## WHAT IS NEEDED:
Everything in the listing should be set down exactly, apart from the pictures.

--- RECORDED DATA Enclosed Below ---

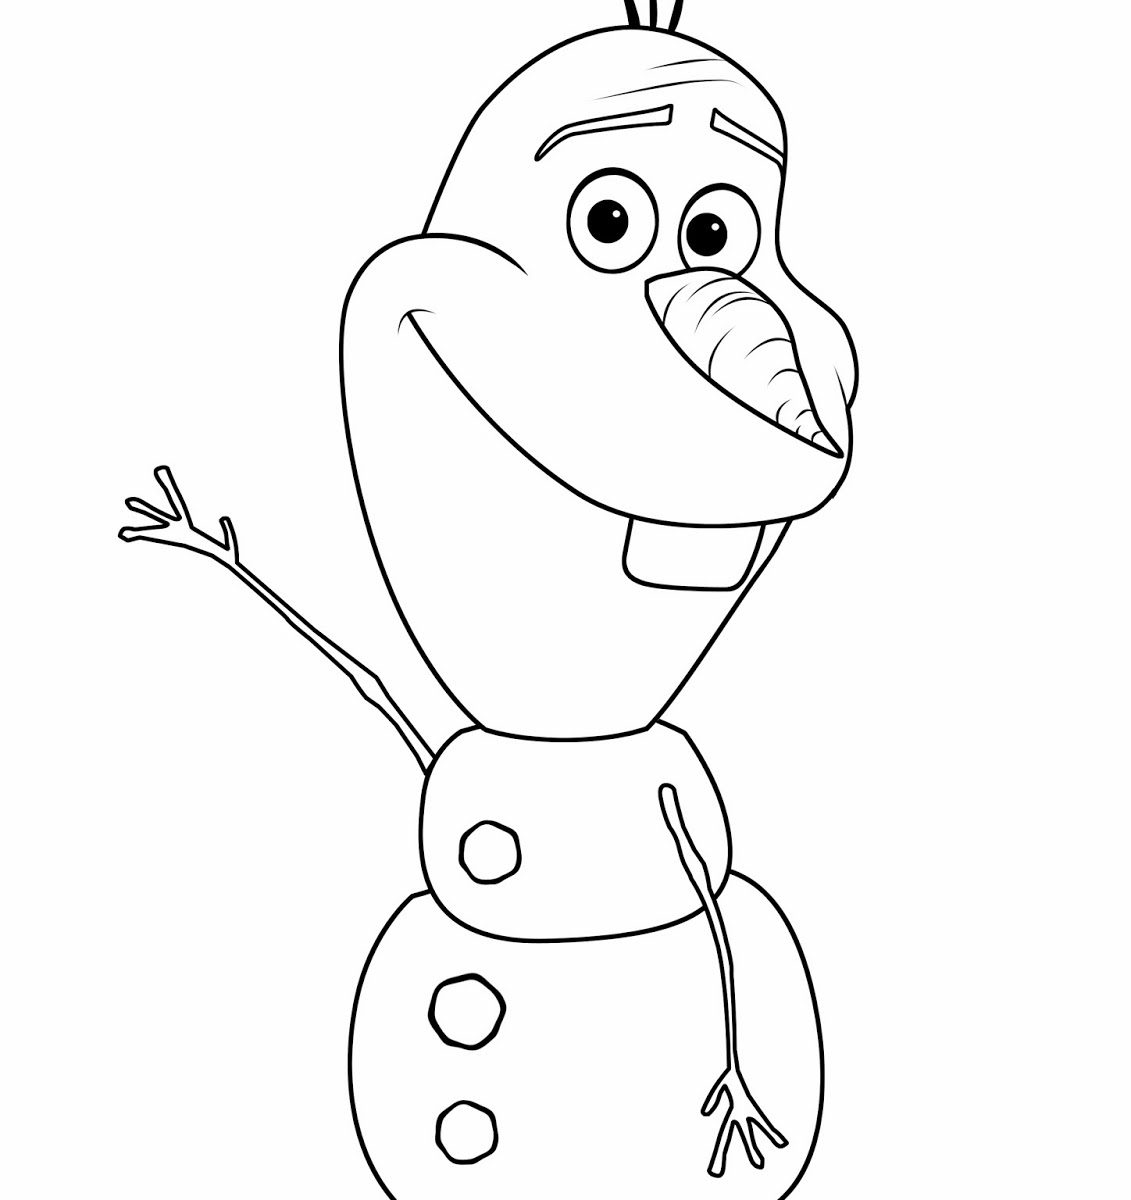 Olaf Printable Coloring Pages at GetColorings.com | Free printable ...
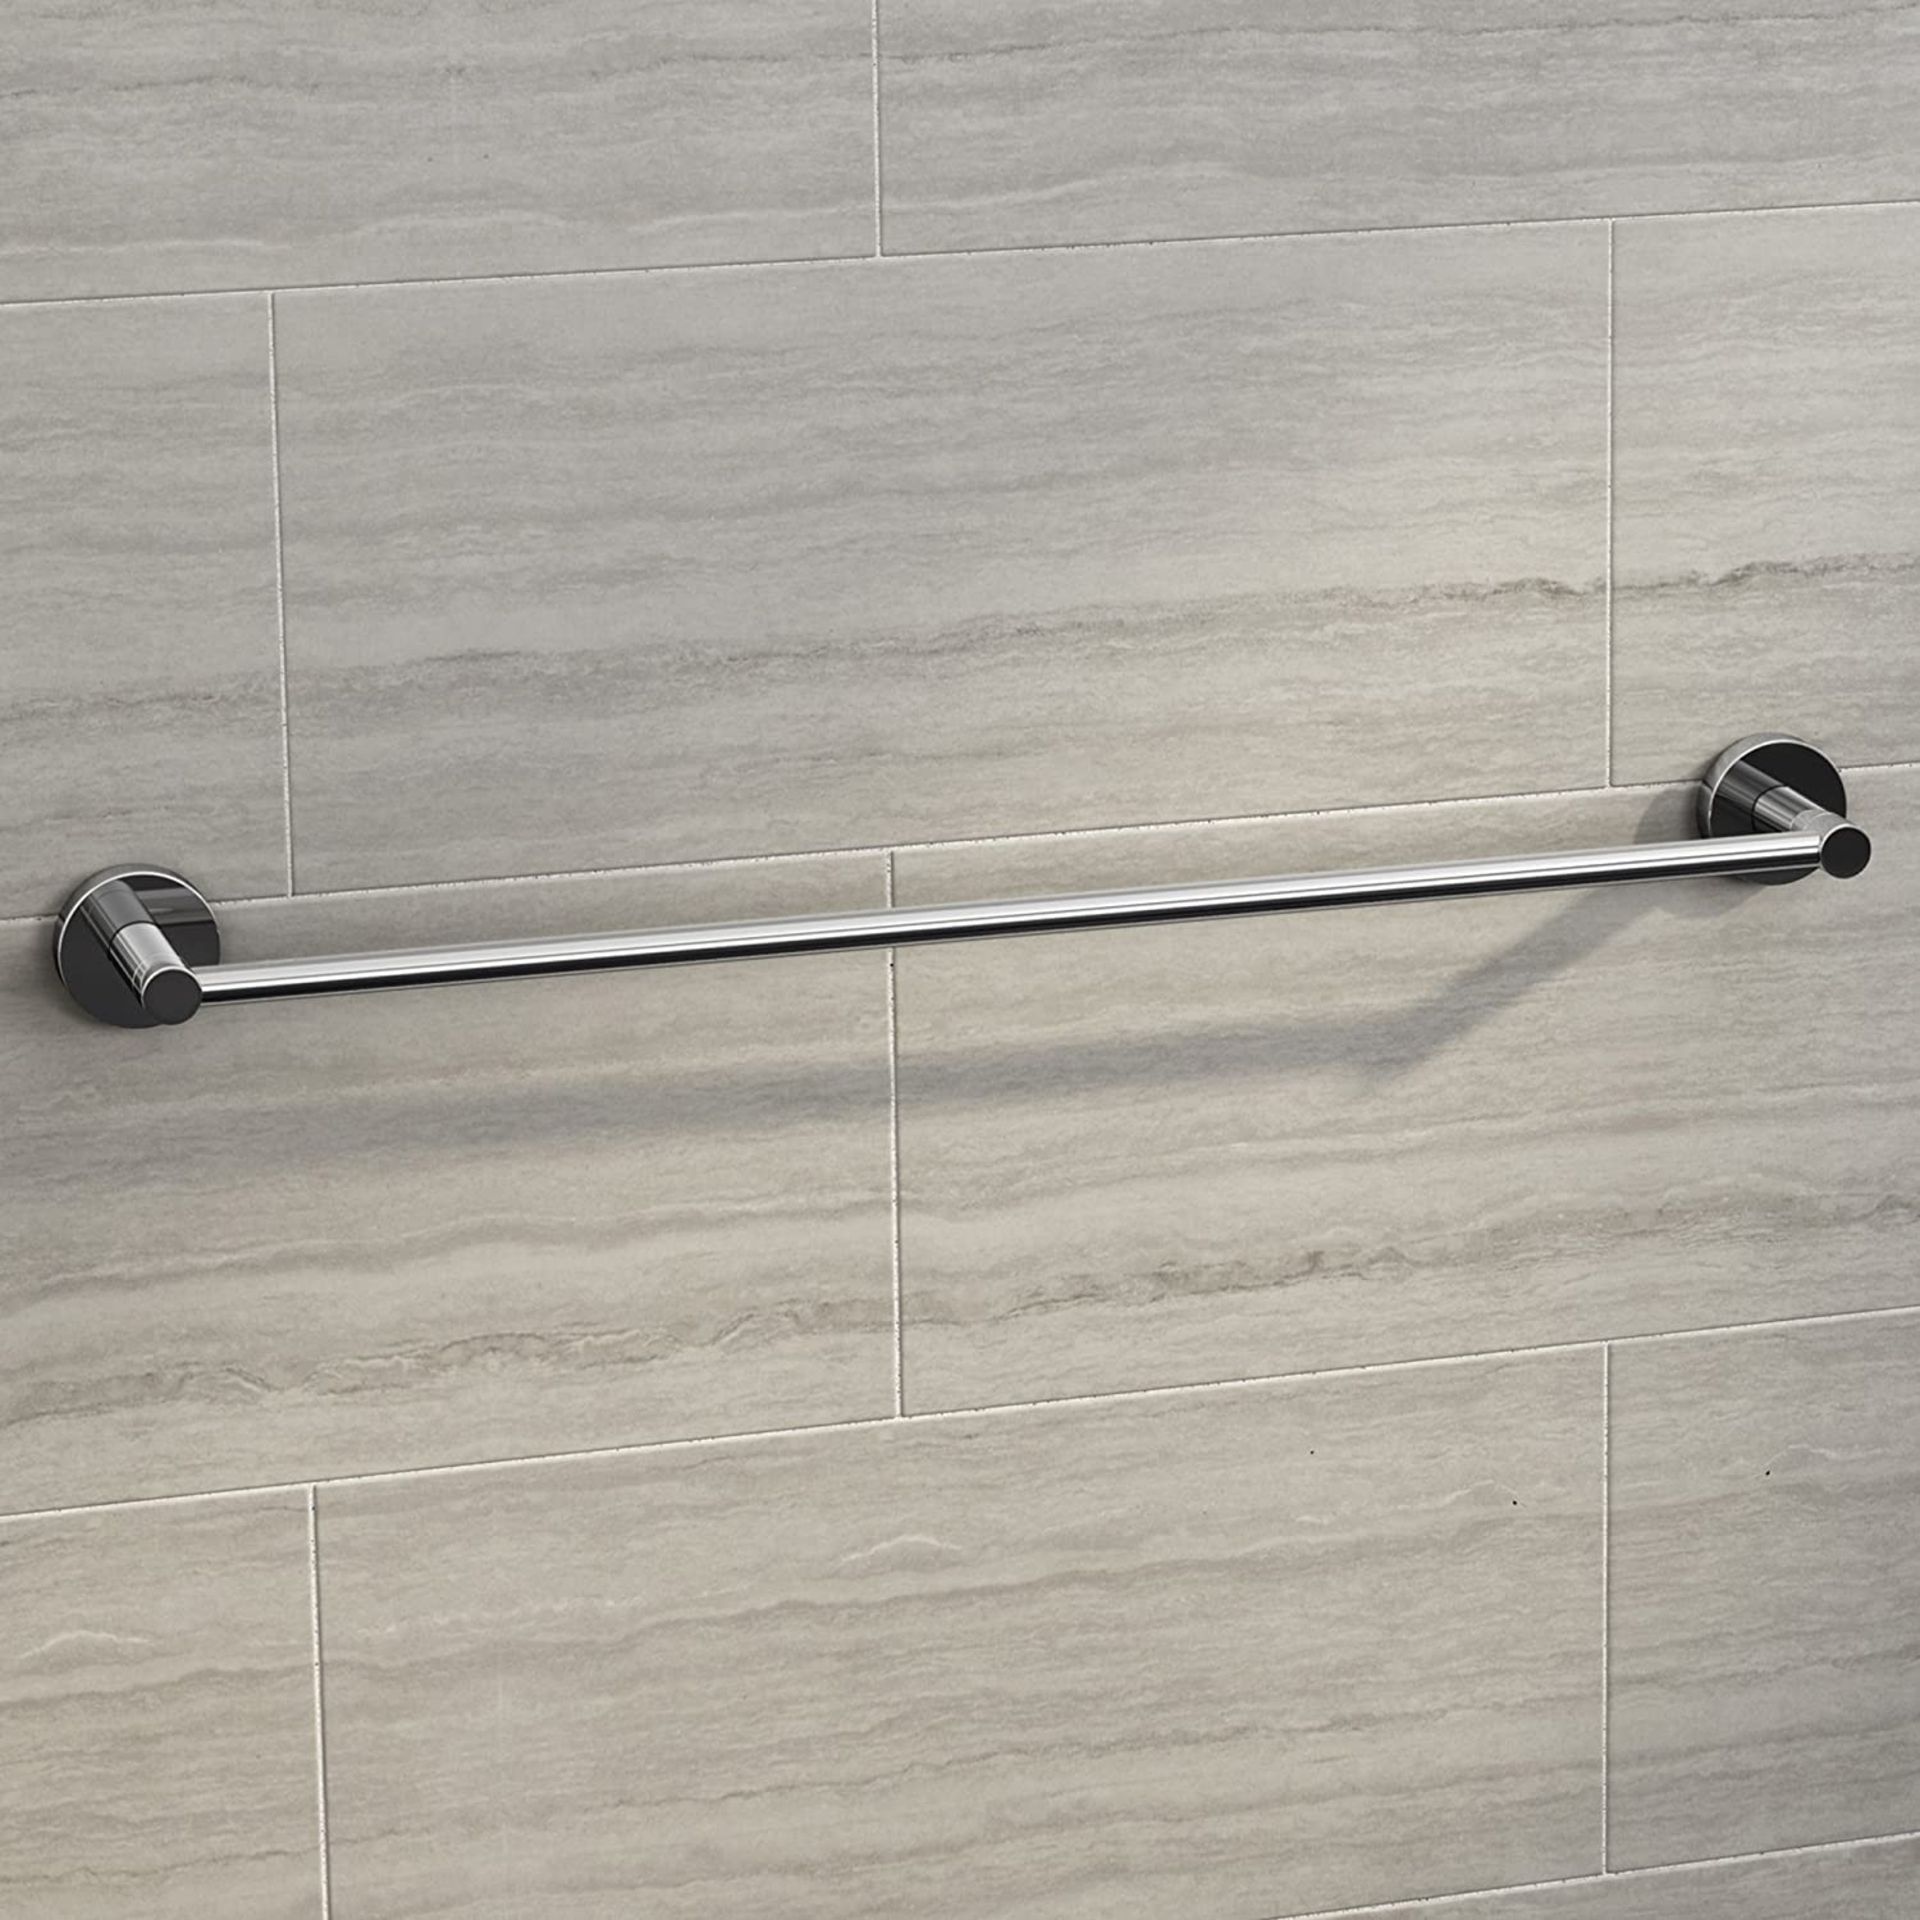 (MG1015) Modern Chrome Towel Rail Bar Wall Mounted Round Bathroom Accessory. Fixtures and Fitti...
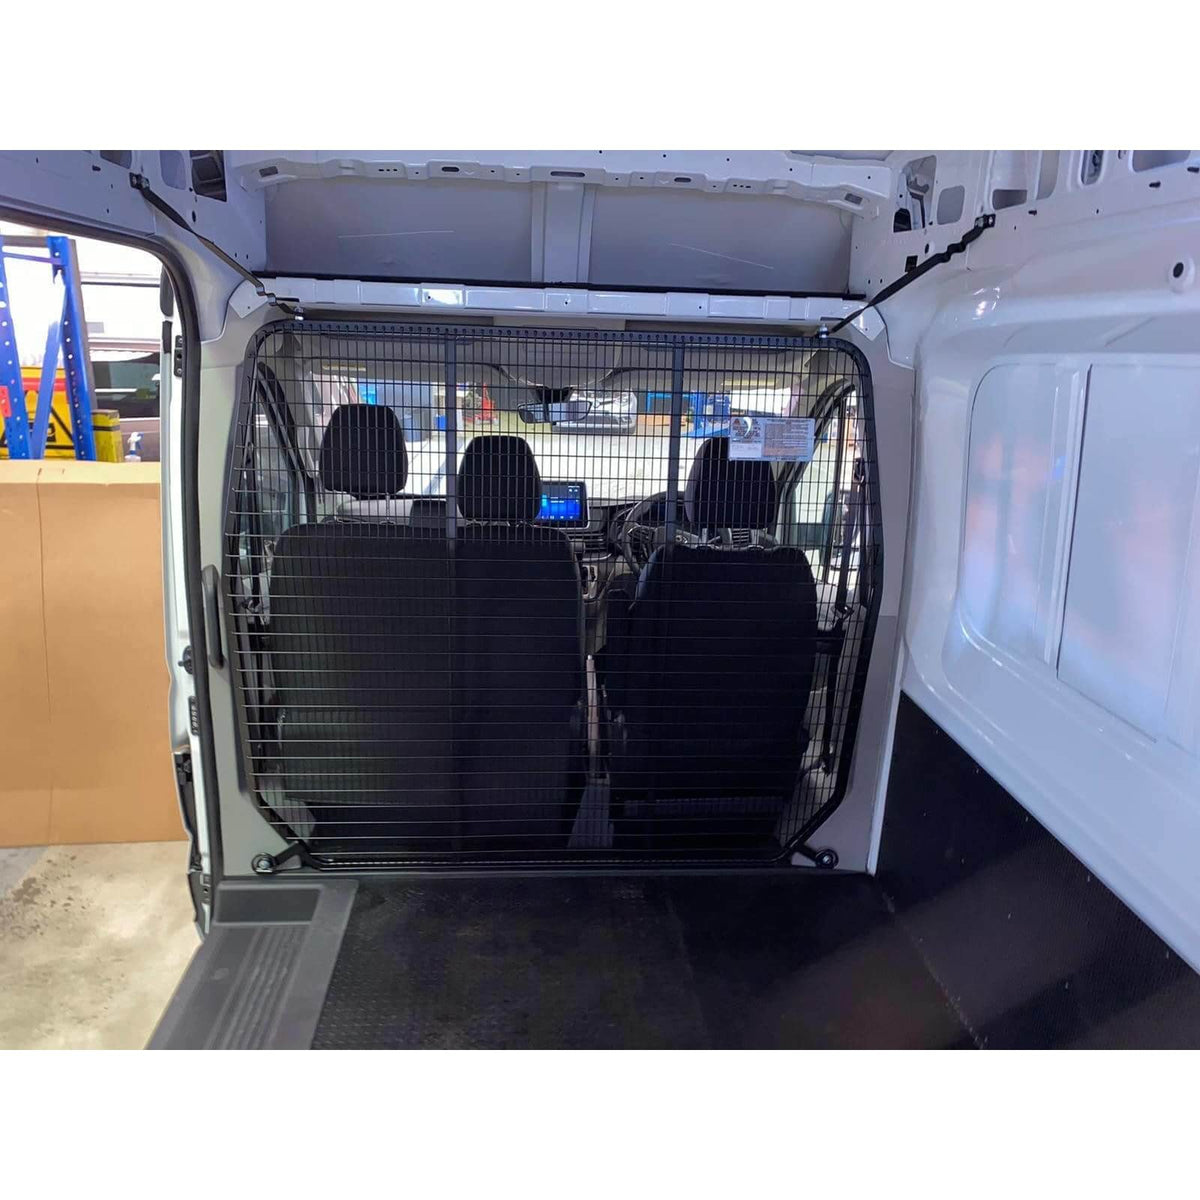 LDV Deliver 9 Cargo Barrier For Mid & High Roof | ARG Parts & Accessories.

--- End of Enclosed RECORDED DATA ---

## EXERCISE RESPONSE:
 Olaf Printable Coloring Pages at GetColorings.com | Free printable ...
 (MG1015) Modern Chrome Towel Rail Bar Wall Mounted Round Bathroom Accessory. Fixtures and Fitti...
 LDV Deliver 9 Cargo Barrier For Mid & High Roof | ARG Parts & Accessories.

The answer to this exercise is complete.